Author: Sirisha Kodukula
Dataiku is used as a data science tool for a wide range of data-related tasks. It can perform tasks that include cleaning the data, building recipes, creating ML models, and deploying. There is an inbuilt Jupyter notebook to code in the python language for the ml part.
Setup (Implementation Demo)
What is a Time Series?
Connect Snowflake to Dataiku with the help of a partner Connect.
Create a 14 days free account on Dataiku.
The interface would look like this:
When we connect a Snowflake to Dataiku, then a database, warehouse, user, and roles are automatically created in the Snowflake.
Create a new project in the Dataiku DSS and import the table from the Snowflake.
We can use a Jupyter notebook inside Dataiku, where we can code and export the resultant datasets.
We can prepare our datasets before training on Time Series using the visual recipes present.
Now we have to train and evaluate the models. For this, we need to enable the time series plugin.
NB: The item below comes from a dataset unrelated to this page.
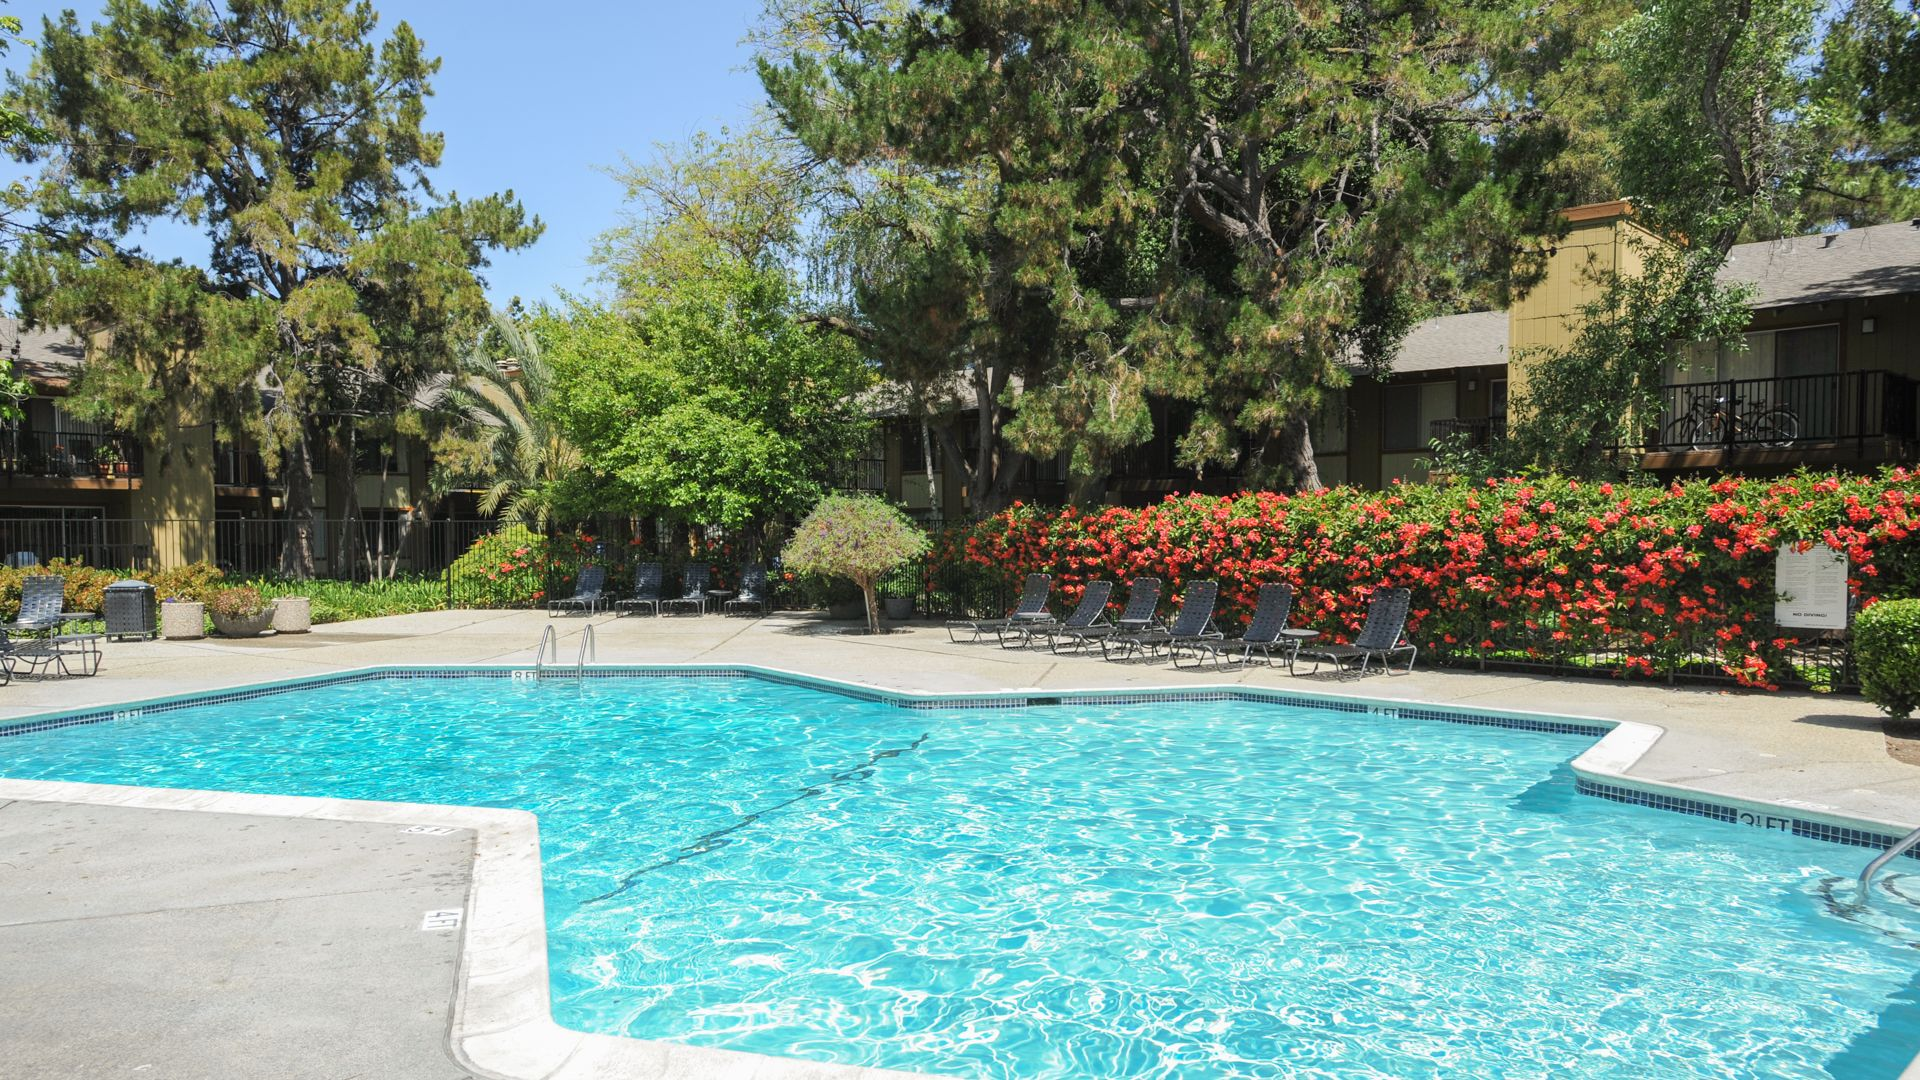 Laguna Clara Apartments - Pool

Time series uses data that is based on time. Time-ordered data points are used to notice the changes. By using the ML models, we can actually predict the future only once we train the data using the Train and evaluate forecasting models. The data is divided into three categories based on the relation between the variable and time data :
Univariate time series - the single variable that depends on time.
Multivariate time series - 2 or more interrelated variables that depend on time.
Multiple time series - multiple time series which are not related to each other.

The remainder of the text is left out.